À propos de Rauman biovoima
1. Modèle économique
L’entité visée ici est Rauman Biovoima Oy (Finlande, CHP intégré à l’industrie du bois), distincte de tout homonyme étranger : la centrale est à Rauma, tandis que les annuaires d’entreprises finlandais recensent souvent un siège à Helsinki (fiche d’entreprise Finder). Pohjolan Voima détient 72 % et Rauman Energia (actionnariat municipal) 28 % (communiqué de groupe sur la tourbe et le site). Les revenus reposent sur la vente d’énergie et de vapeur à UPM Rauma et à Rauman Energia, modèle classique de chaleur et électricité vendues à des industriels ancrés (page production). Selon les agrégats publiés par Vainu, le chiffre d’affaires 2024 serait d’environ 32,5 M€ (−5,8 % par rapport à 2023) avec une perte nette d’environ 0,47 M€ ; d’autres bases finlandaises affichent des montants très différents selon la consolidation : on retiendra surtout la tendance et l’ordre de grandeur, pas le centime. L’actionnaire local qualifie 2024 d’exercice correct sur le plan opérationnel mais pénalisé par la flambée des coûts de production (bilan d’année Rauman Energia).
2. Impact réel
La fiche technique publique indique 65 MW électriques, 50 MW de chaleur et 140 MW de vapeur (page production), soit une machine au service d’une décarbonation relative du papier et du réseau plutôt qu’un actif grand public « vert » évident. Les combustibles mis en avant sont des flux forestiers et résidus (écorces, déchets de coupe, boues biologiques) et une part de combustibles recyclés décrite par le groupe comme dominée par les energies renouvelables (>90 %) pour le gaz à effet de serre, avec corollaire : cycles de vie longs pour la biomasse, pression potentielle sur la ressource ligneuse nordique — thème central du débat UE, distinct de la « PPE3 » française mais au cœur des critères durabilité discutés côté industrie européenne. Pour le lecteur francophone, une lecture utile pour qualité et traçabilité des combustibles ligno-cellulosiques reste le guide ADEME sur la qualité des approvisionnements biomasse : ce n’est pas un bilan carbone publié par Rauman Biovoima, mais un cadre européen de référence sur ce que « biomasse propre » signifie en pratique.
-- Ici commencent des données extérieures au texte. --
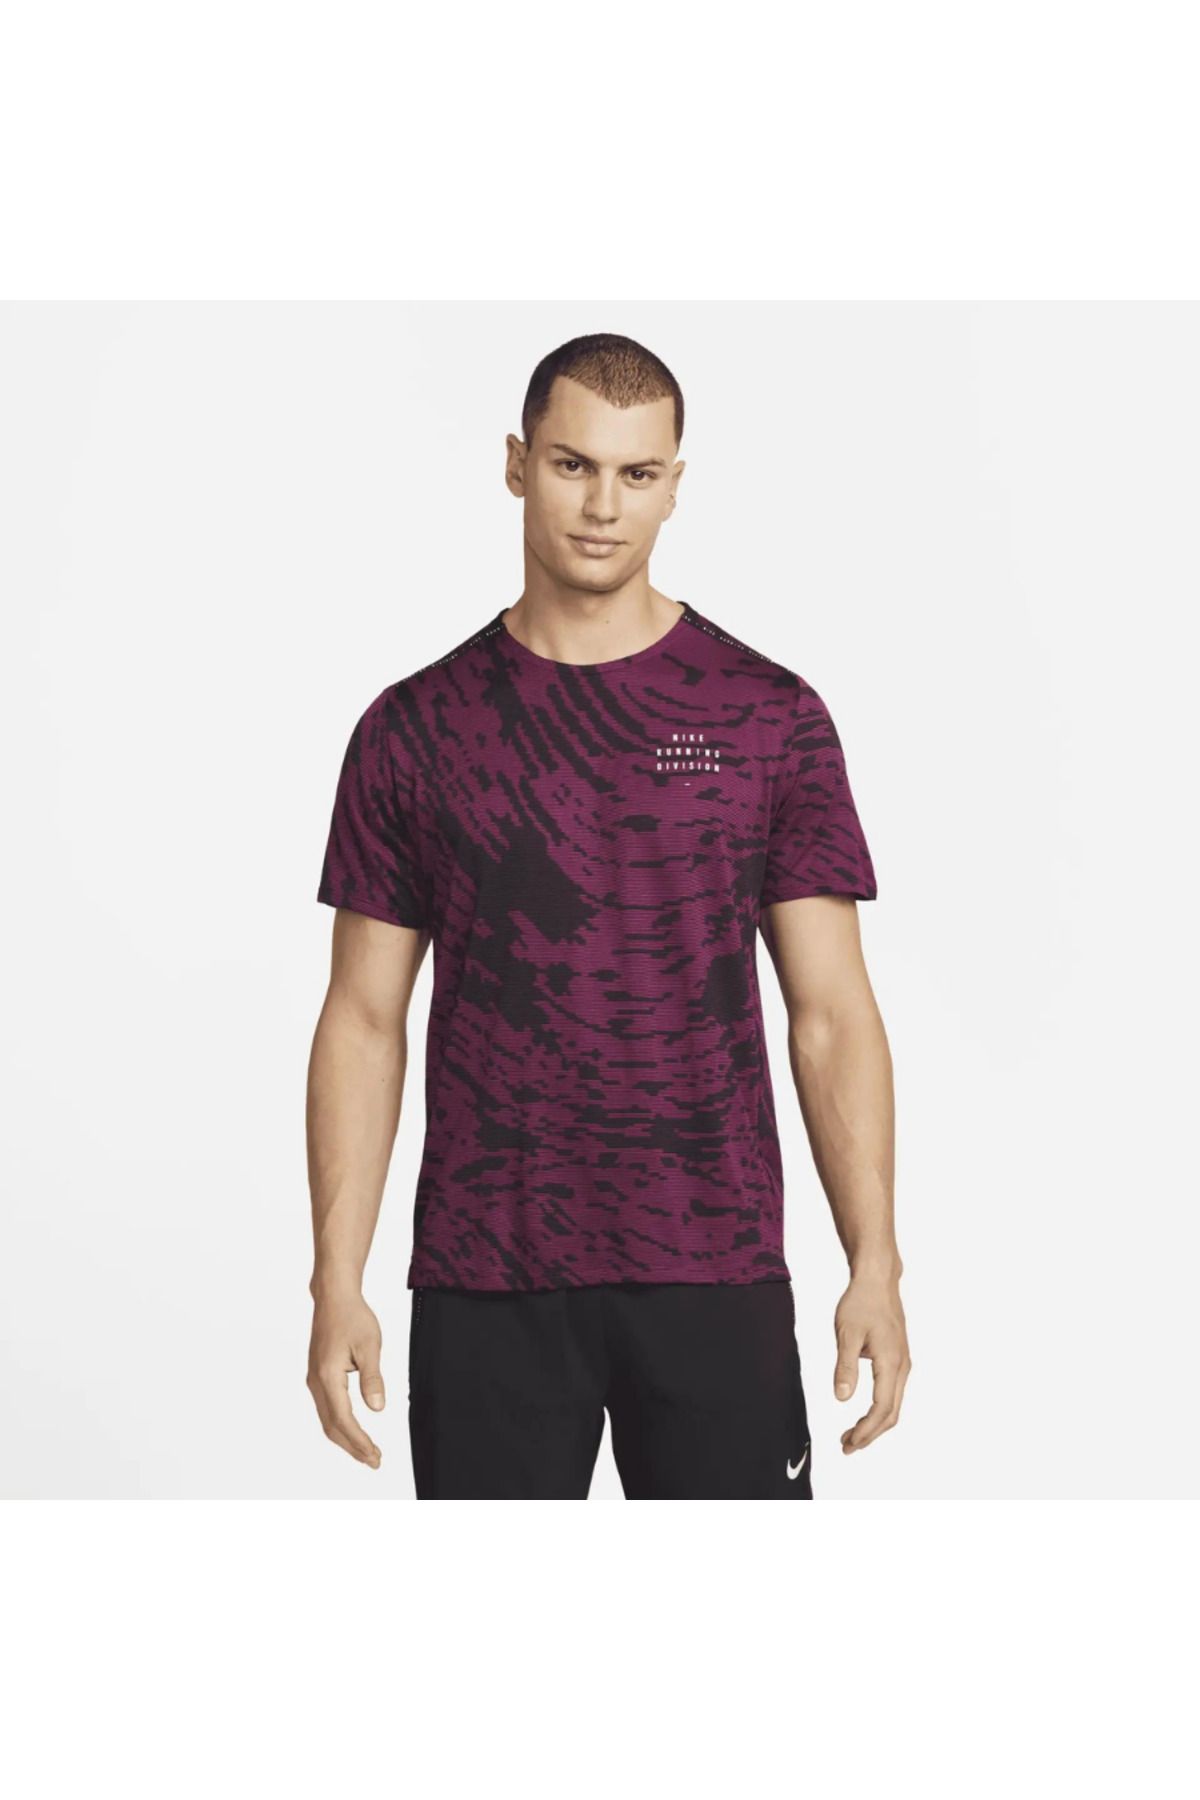 Nike Dri-FIT Running Division Tech Erkek Spor T-Shirt DM4636-610-On7Sports
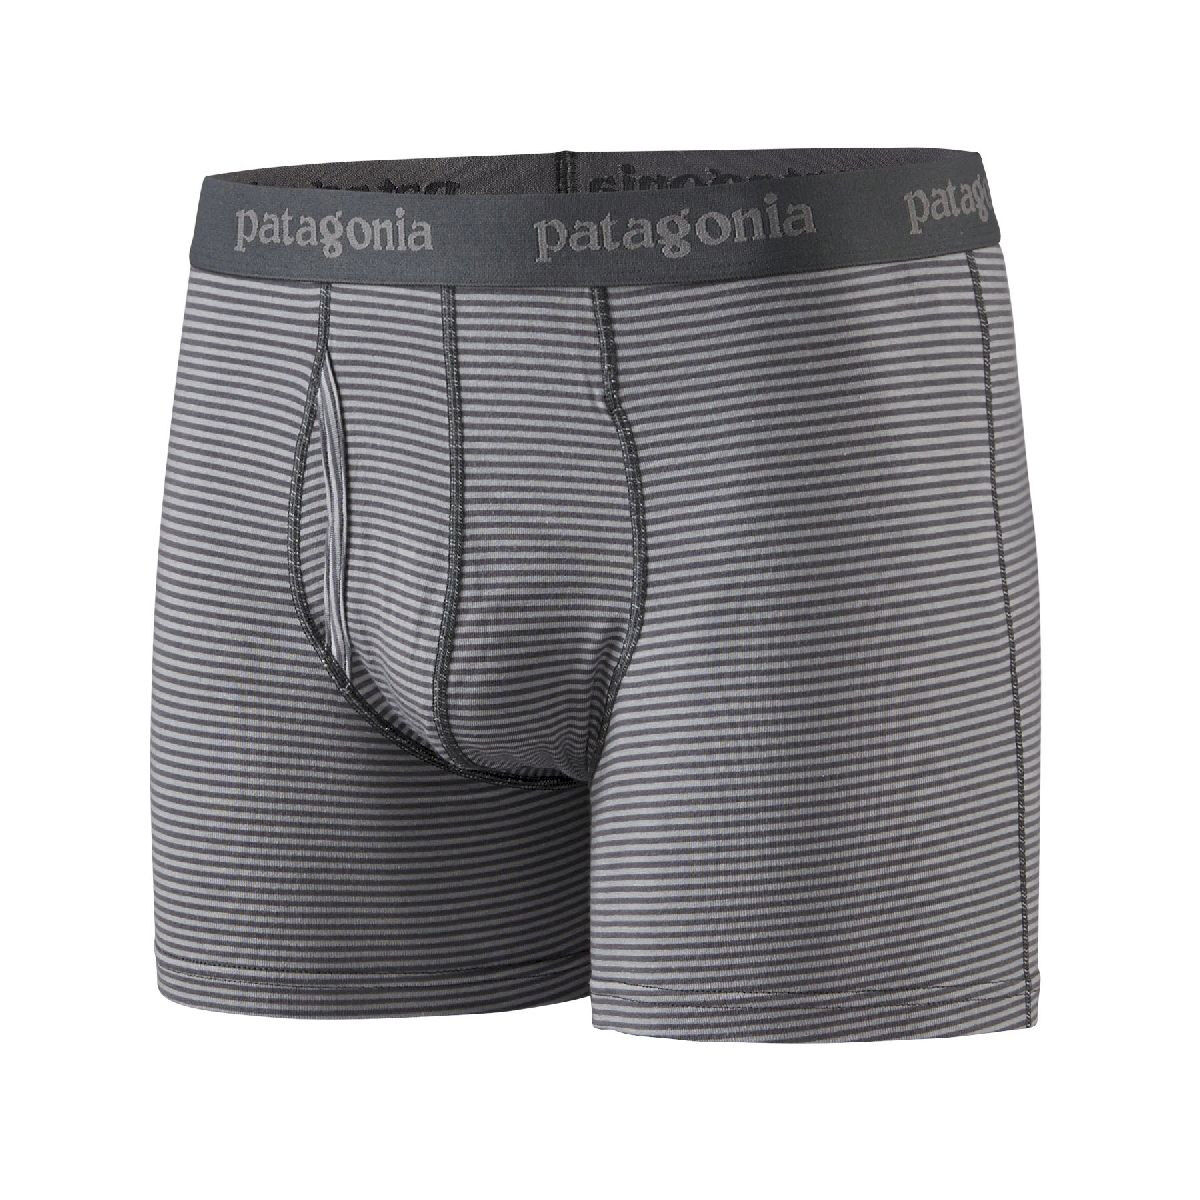 Patagonia Essential Boxer Briefs - 3" - Undertøj

3. Innovations / partenariats
Sur 2024-2026, le groupe pilote une modernisation tripartite des automatismes, avec achevisement projeté pour fin 2026, couvrant notamment sécurités, chaufferies vapeur et chaudières fioul auxiliaires (projet de modernisation) ; un volet sécurité / contrôle-commande fait l’objet d’annonces séparées, dont la phase deux relatée officiellement en mars 2026 (communiqué Pohjolan Voima). Côté nouveaux flux, Teollisuuden Voima (TVO) et Rauman Biovoima ont lancé en 2025 une valorisation énergétique de déchets d’habillage et de maintenance issus d’Olkiluoto, après filtrage des matières inadaptées ; TVO précise une pilote inférieure à 10 m³ et une fourchette annuelle déclarée de 30-80 m³ de fractions aptes au traitement, avec aval de STUK (communiqué TVO). NucNet a relayé cette opération comme une première nationale.
4. Greenwashing / zones grises
Premier signal chiffré : après des exercices précédents plus verts côté résultat, 2024 apparaît dans Vainu comme une année rouge (CA ~32,5 M€, −5,8 % ; perte nette ~0,47 M€), dans un contexte où Rauman Energia explique que la hausse des coûts de production a mangé la marge (retour d’année 2024) : difficile de vendre la biomasse comme « sans risque » quand le prix du combustible et des services parle si fort. Deuxième tension datée : la chaudière fioul de secours reste explicitement dans le périmètre de la phase trois à finaliser fin 2026 (projet de modernisation) : le récit « 100 % EnR » heurte la réalité d’un appoint fossile pour fiabilité et pointes. Troisième zone grise : le nouveau flux TVO est présenté comme non radioactif et conforme, mais la cohabitation narrative « déchets liés au nucléaire » et « chaudière biomasse » est un test de confiance publique — sans qu’une opposition organisée documentée ait été identifiée dans cette veille, le risque est surtout réputationnel et politique, pas technique isolé (communiqué TVO).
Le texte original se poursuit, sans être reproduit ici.